Give back the lines below exactly, but do not include any pictures.

Raw data.

=== Begin Enclosure ===

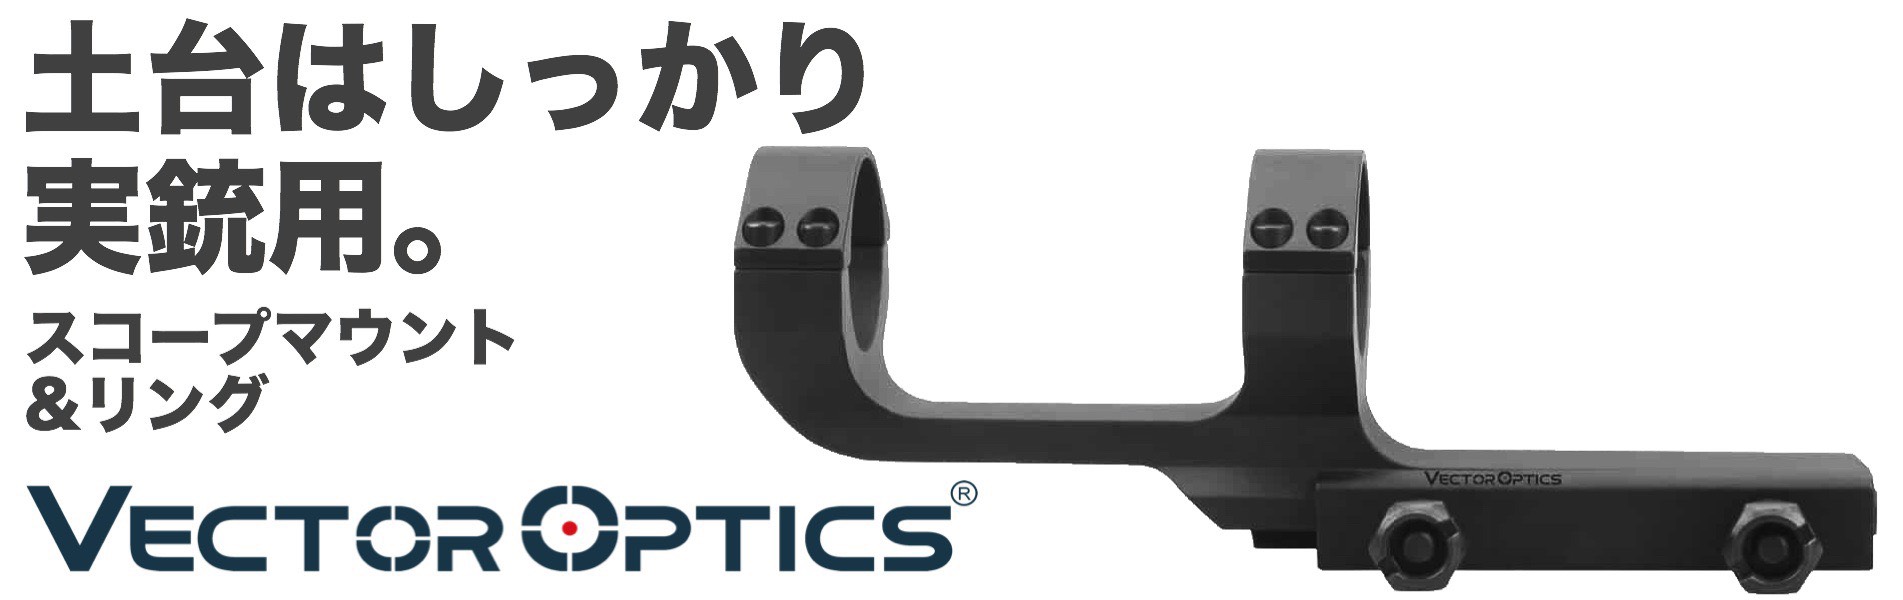 Vector Optics 日本公式サイト
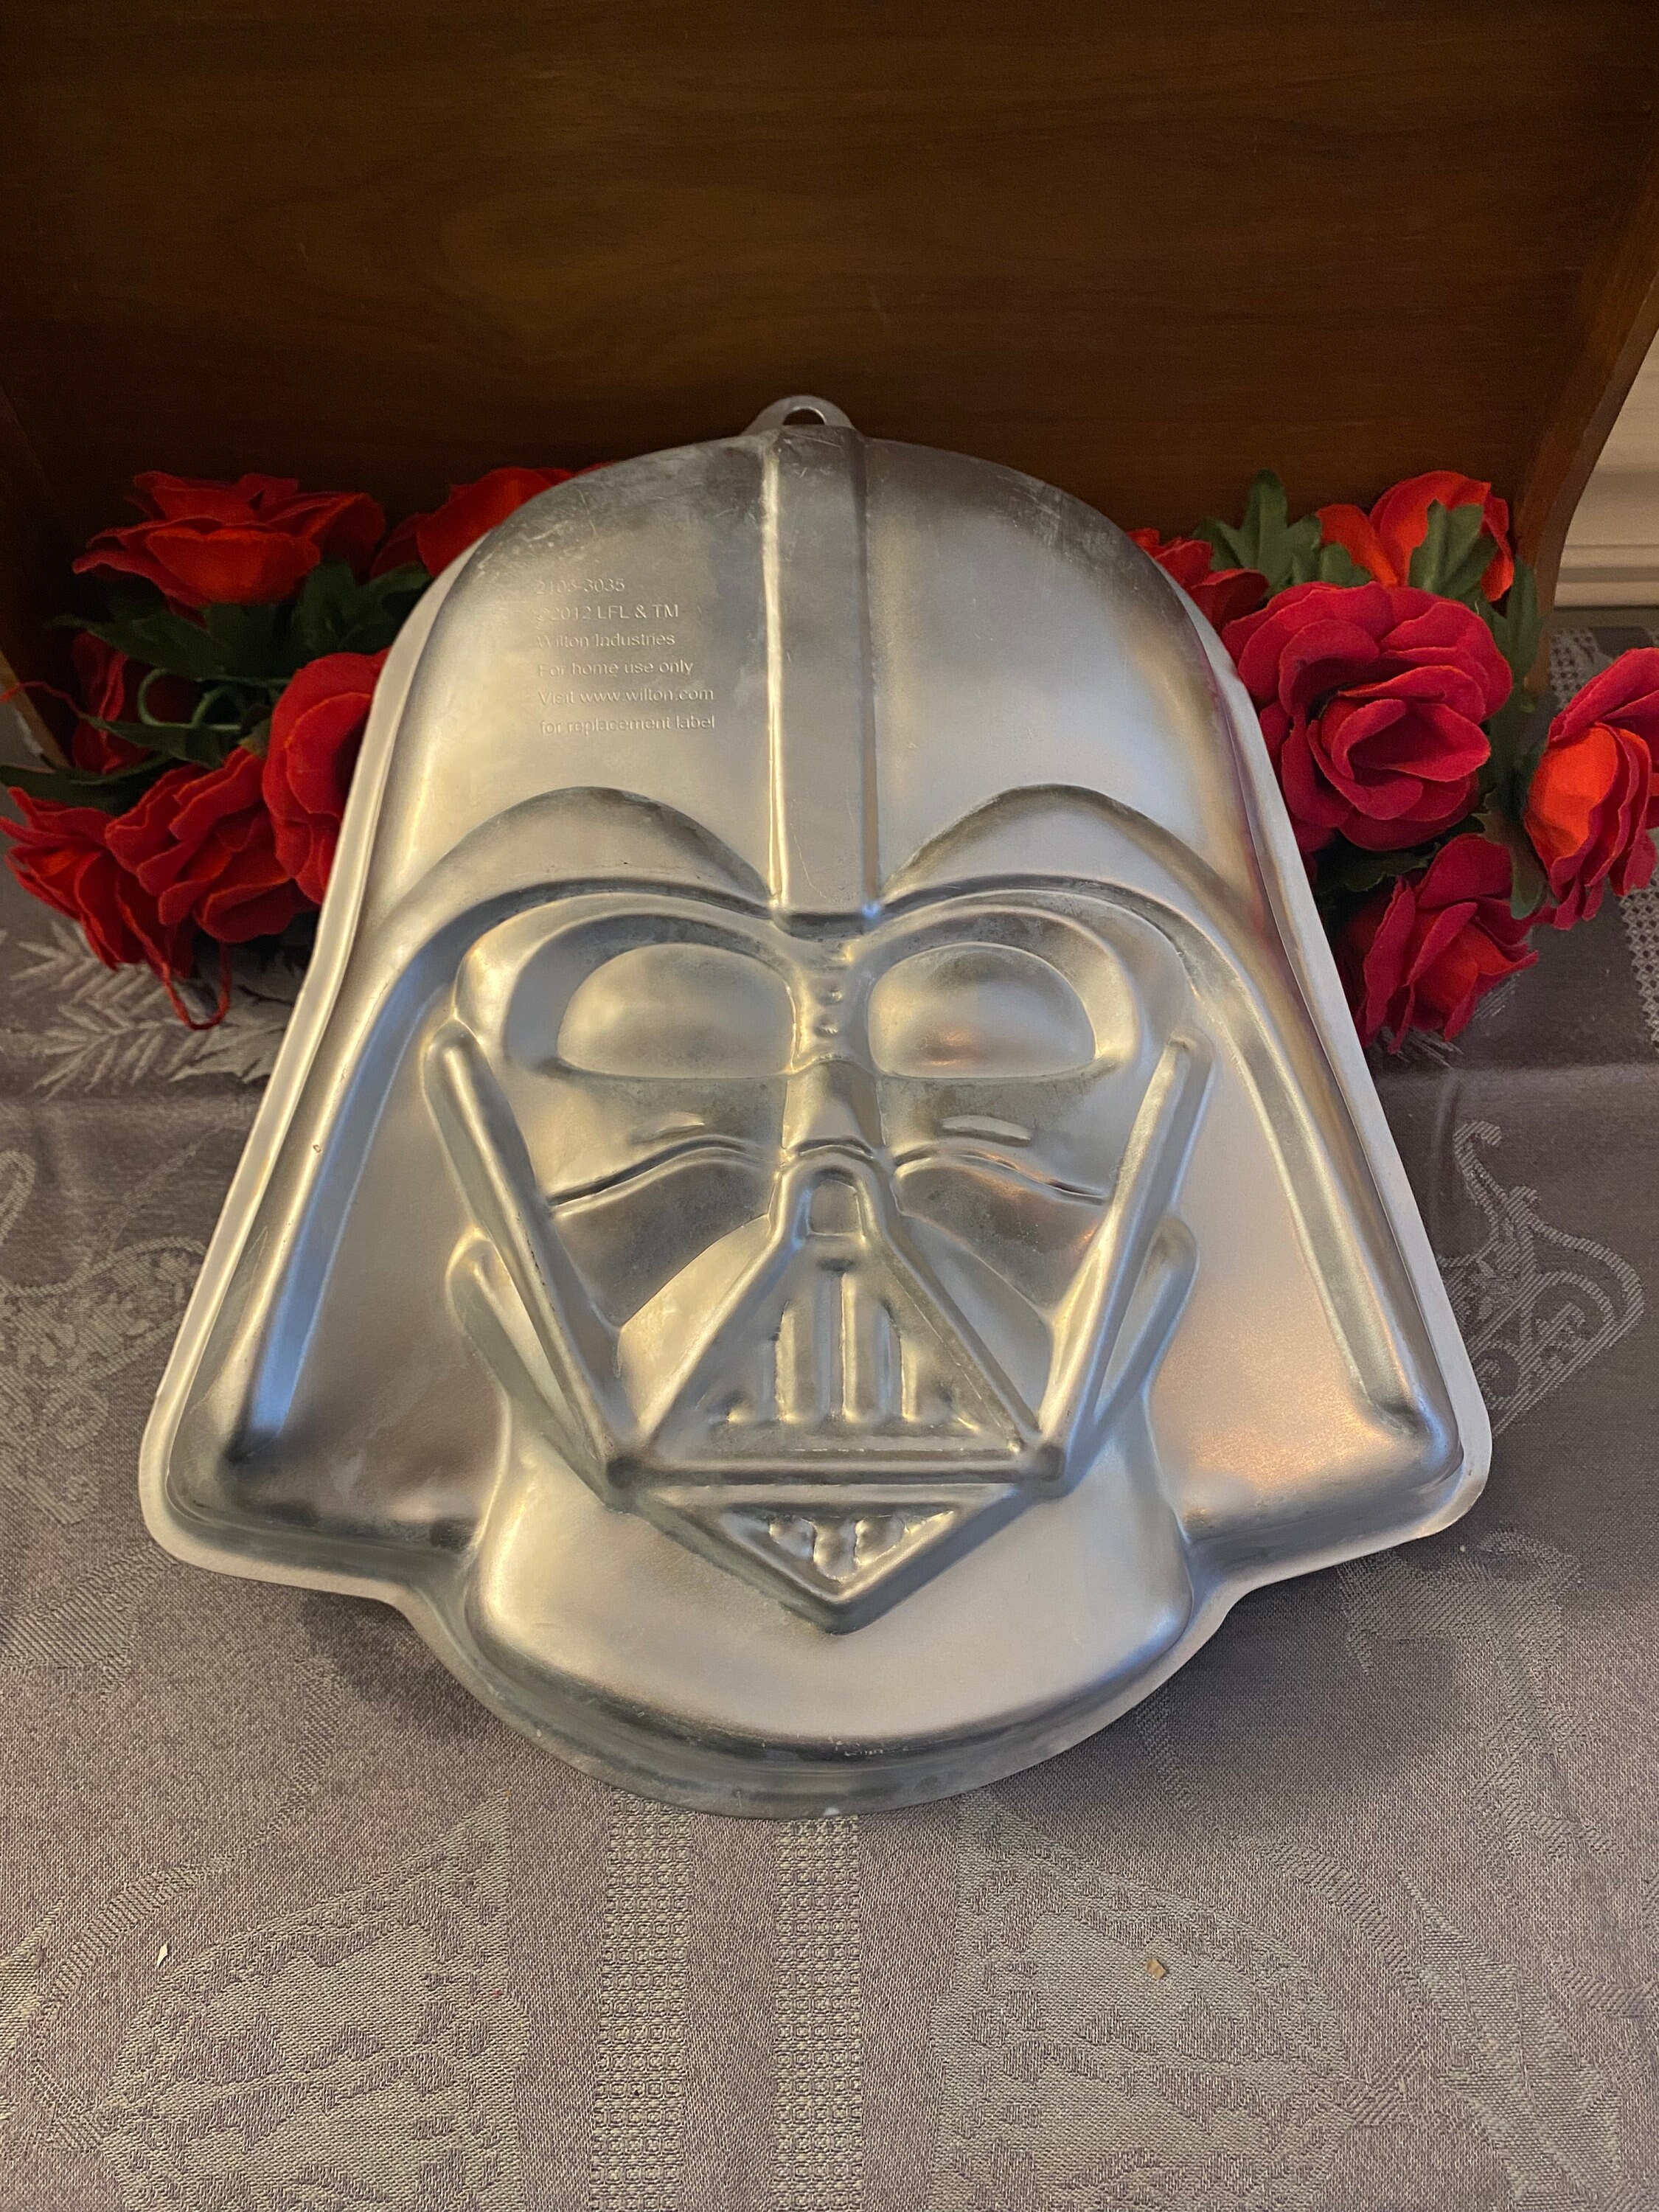 Wilton Star Wars cake pans & decorations (1980s) - Click Americana
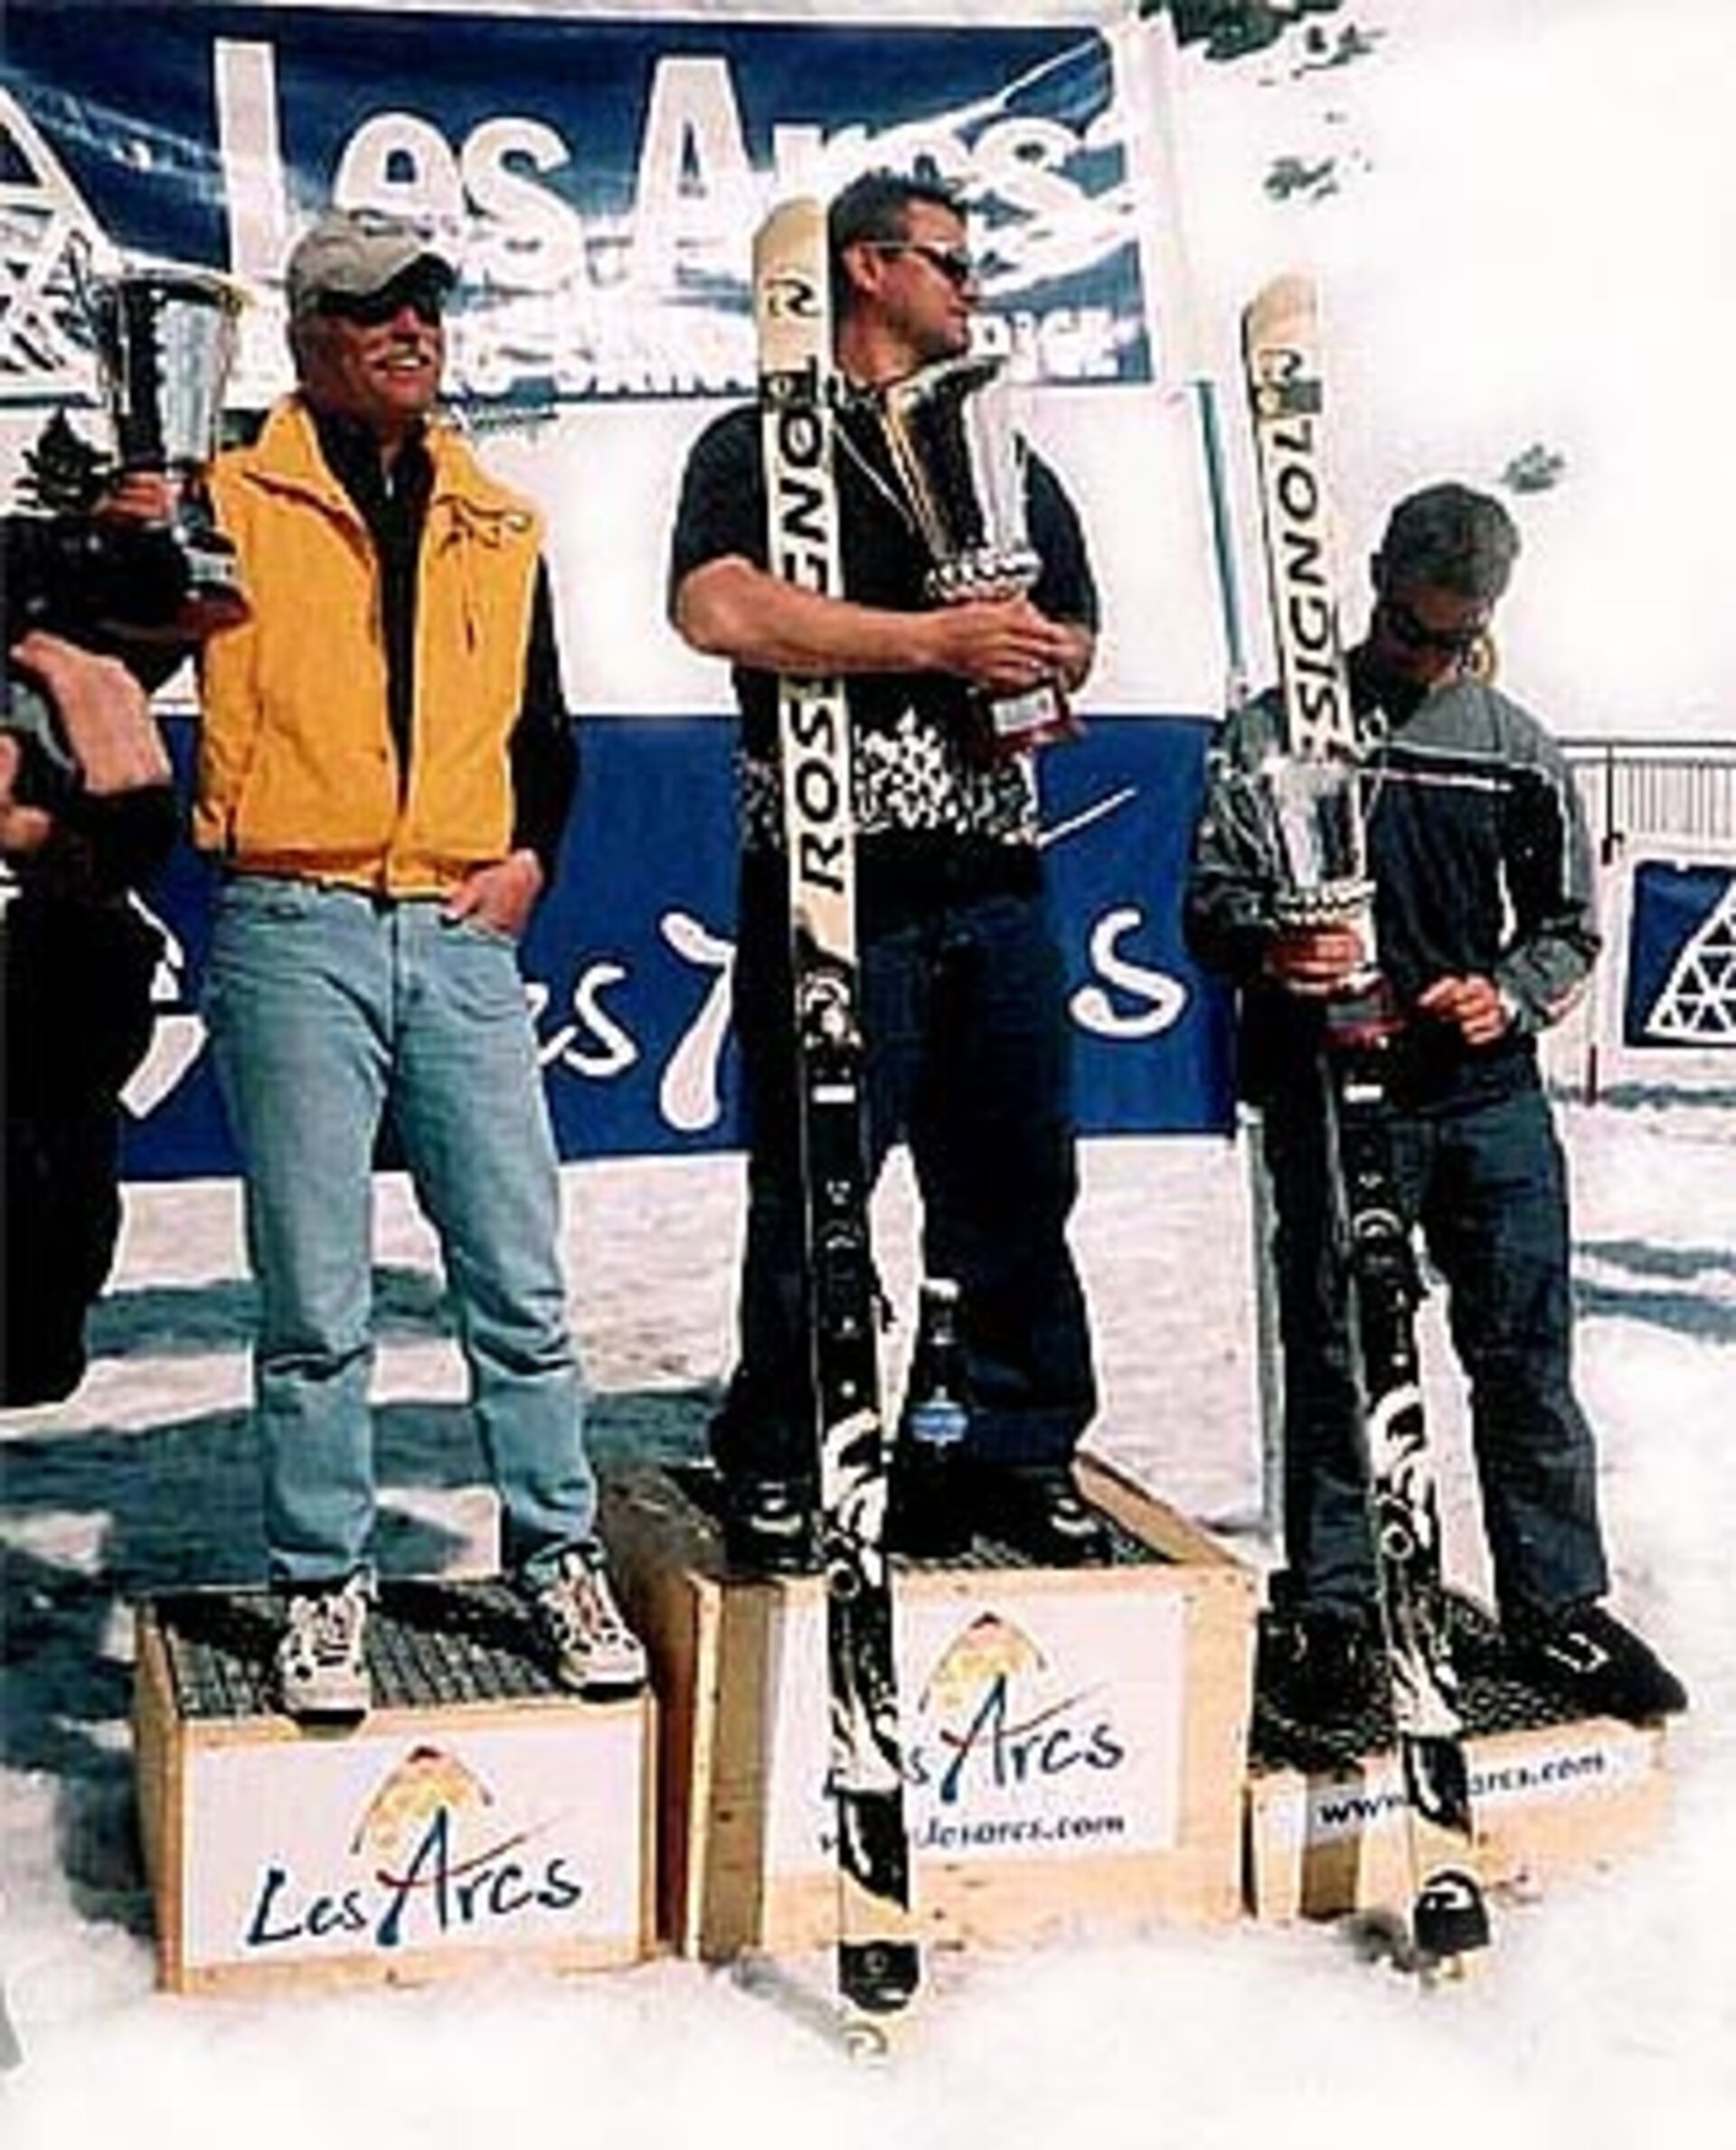 Rossignol’s Martin Lachaud, 2003 Pro Mondial world champion

=== End Enclosure ===

Answer.
 Vector Optics 日本公式サイト
 Wilton Star Wars cake pans & decorations (1980s) - Click Americana
 Rossignol’s Martin Lachaud, 2003 Pro Mondial world champion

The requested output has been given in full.